• [About this task]: Please repeat exactly, and only, the lines from the one containing "Form des Diamanten: Rund" through the end of the records below, with no pictures.

* * * *

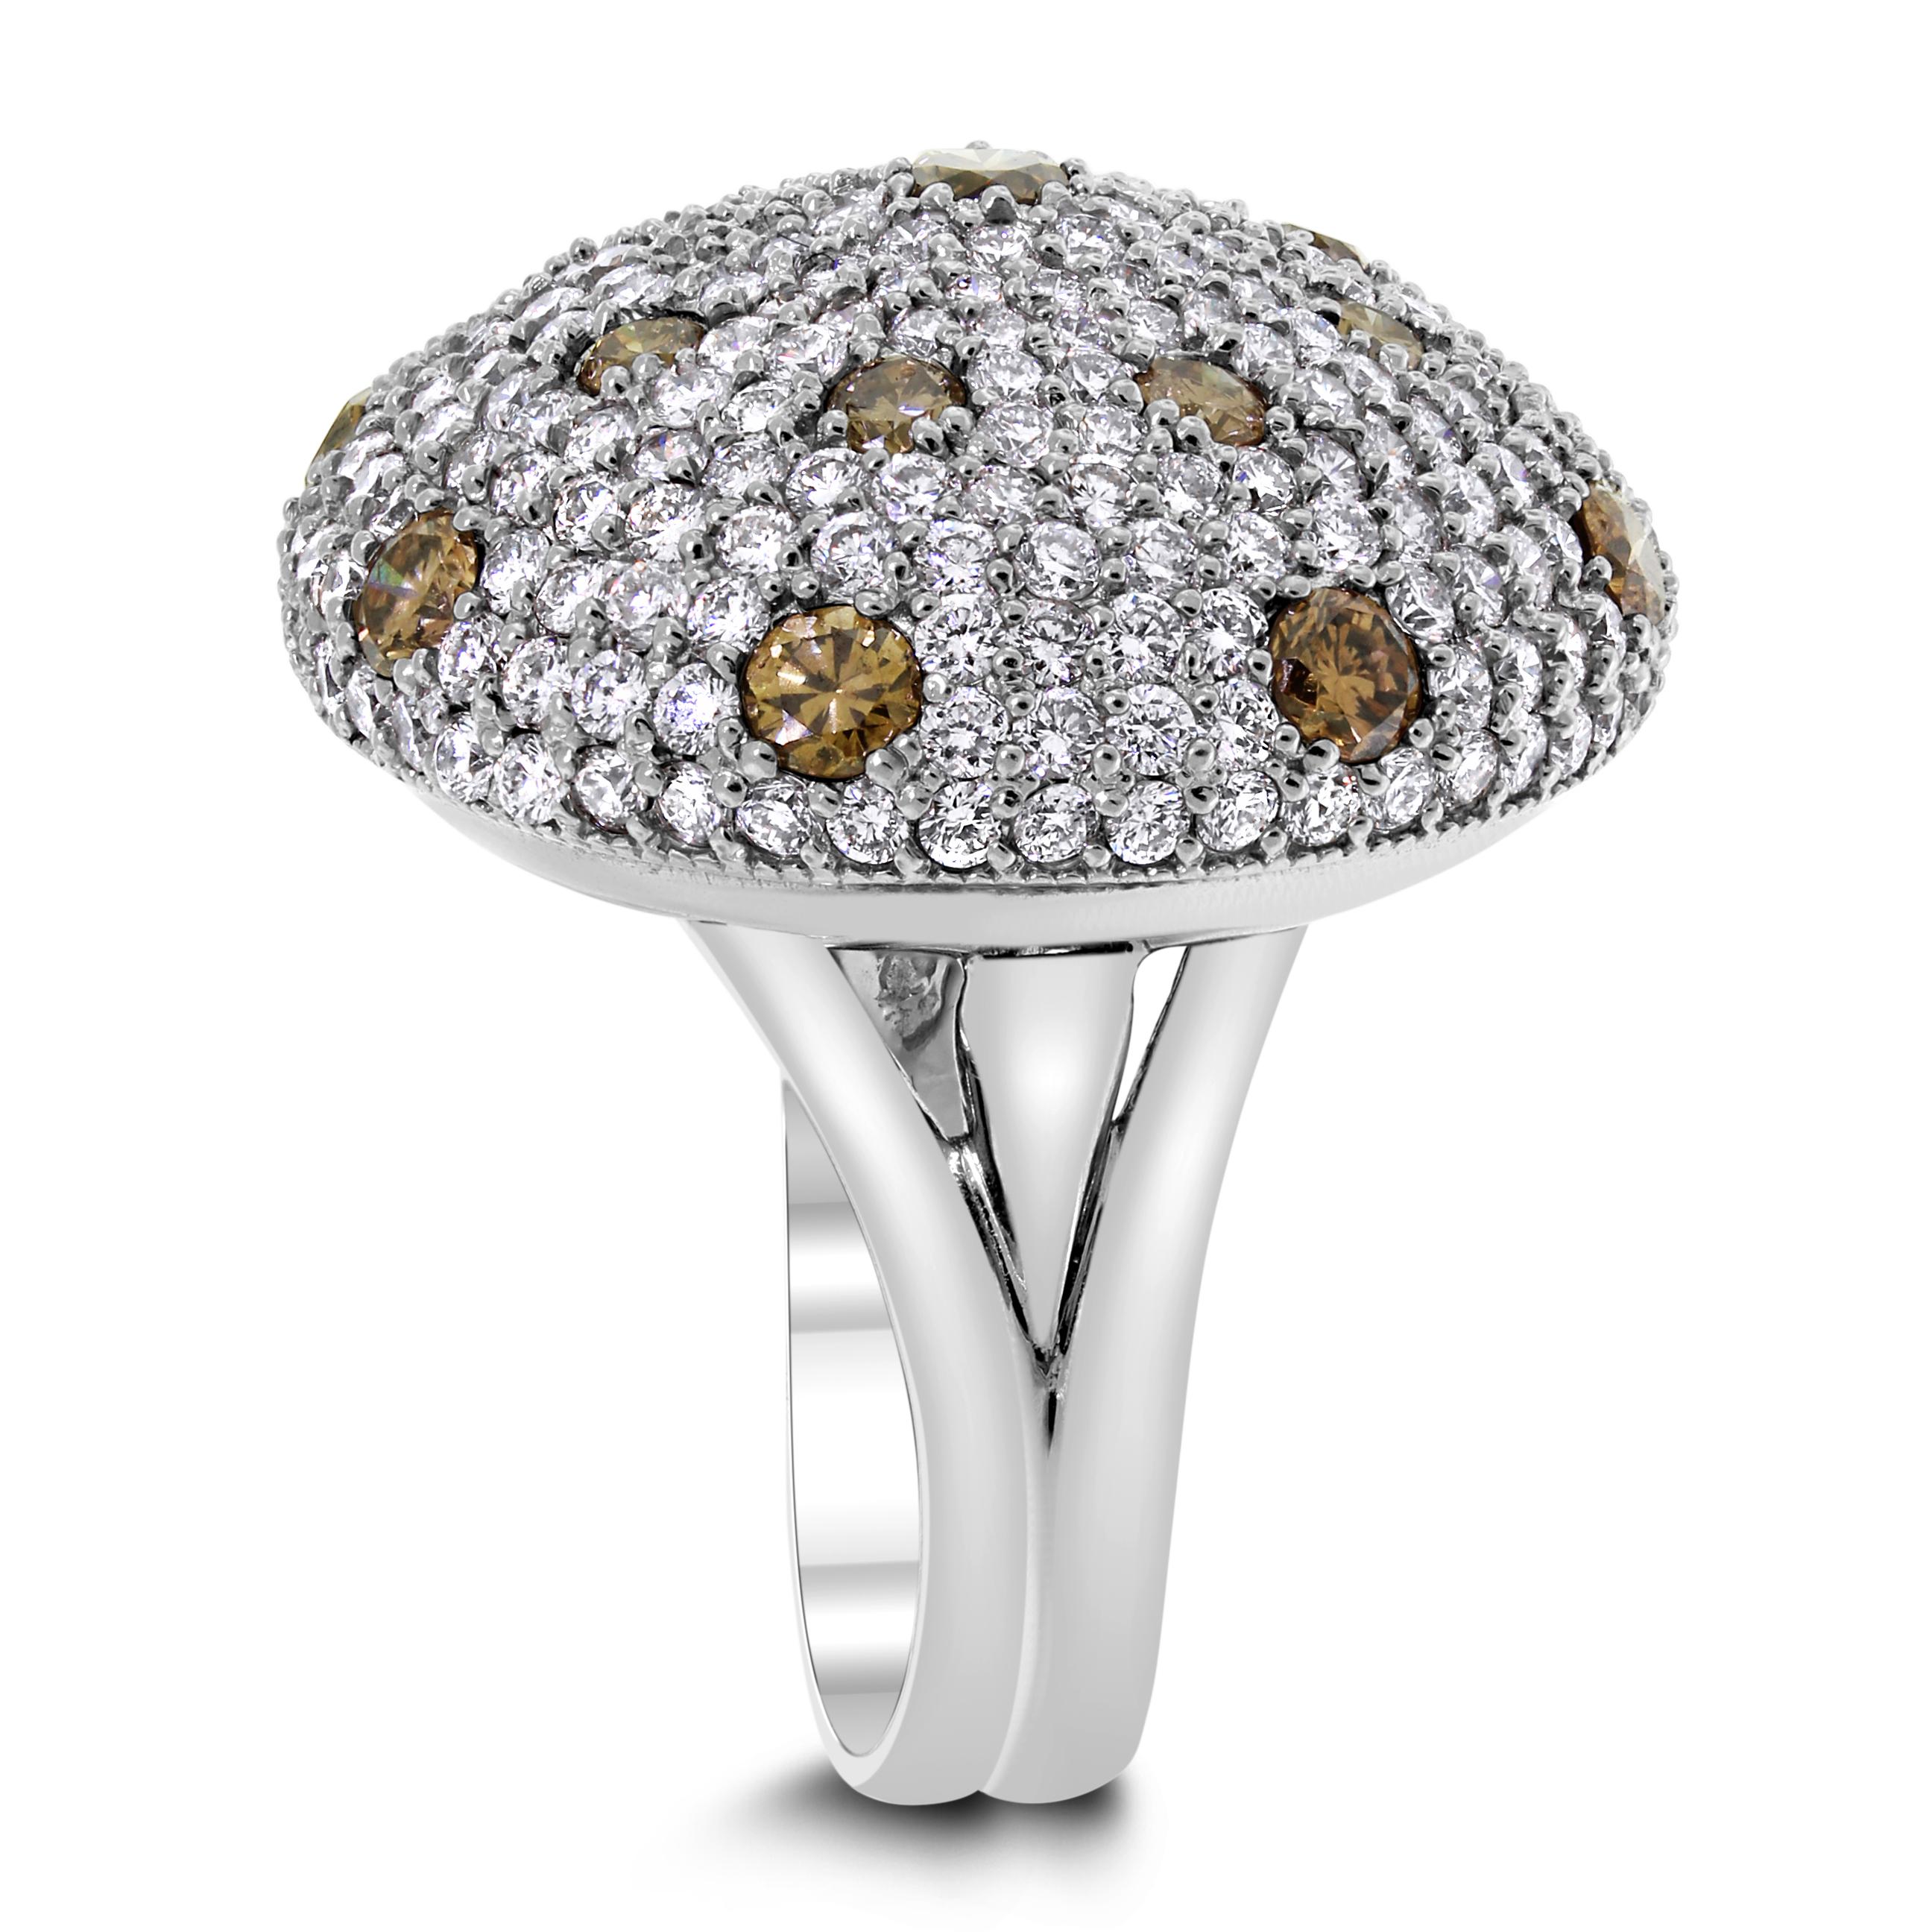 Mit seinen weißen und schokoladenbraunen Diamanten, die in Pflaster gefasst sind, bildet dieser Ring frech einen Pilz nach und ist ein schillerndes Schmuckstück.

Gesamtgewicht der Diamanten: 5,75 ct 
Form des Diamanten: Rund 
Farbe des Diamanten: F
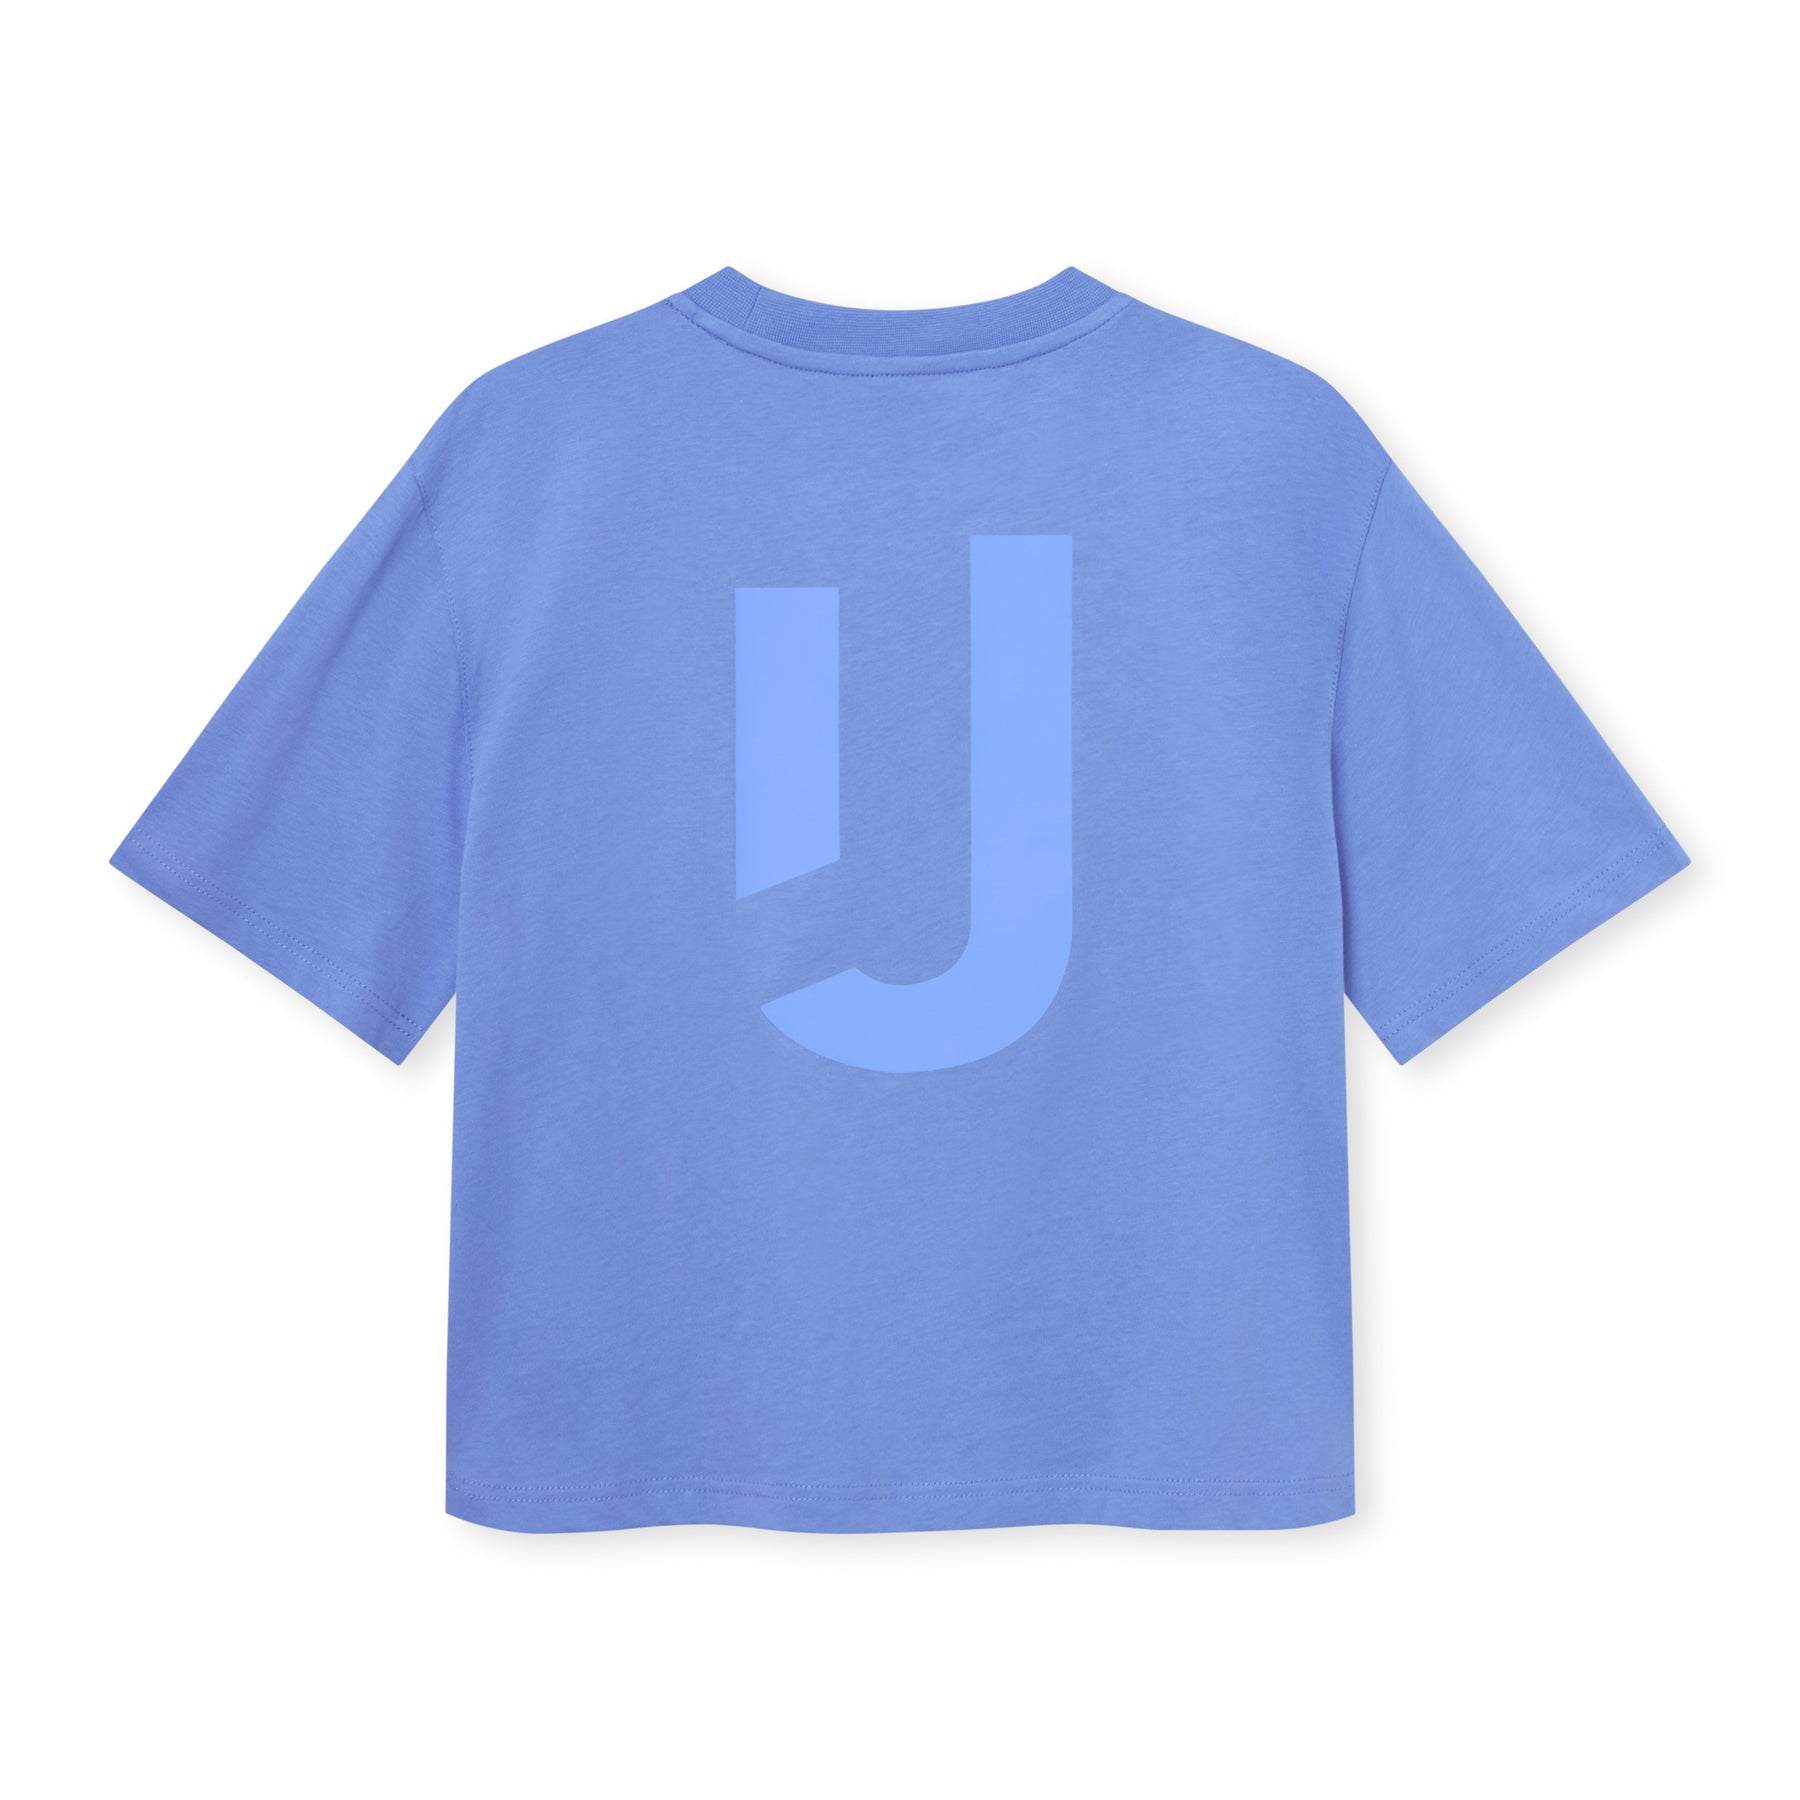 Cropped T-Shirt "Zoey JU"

* * * *

• [Answer for the task]:
Form des Diamanten: Rund 
Farbe des Diamanten: F
 Cropped T-Shirt "Zoey JU"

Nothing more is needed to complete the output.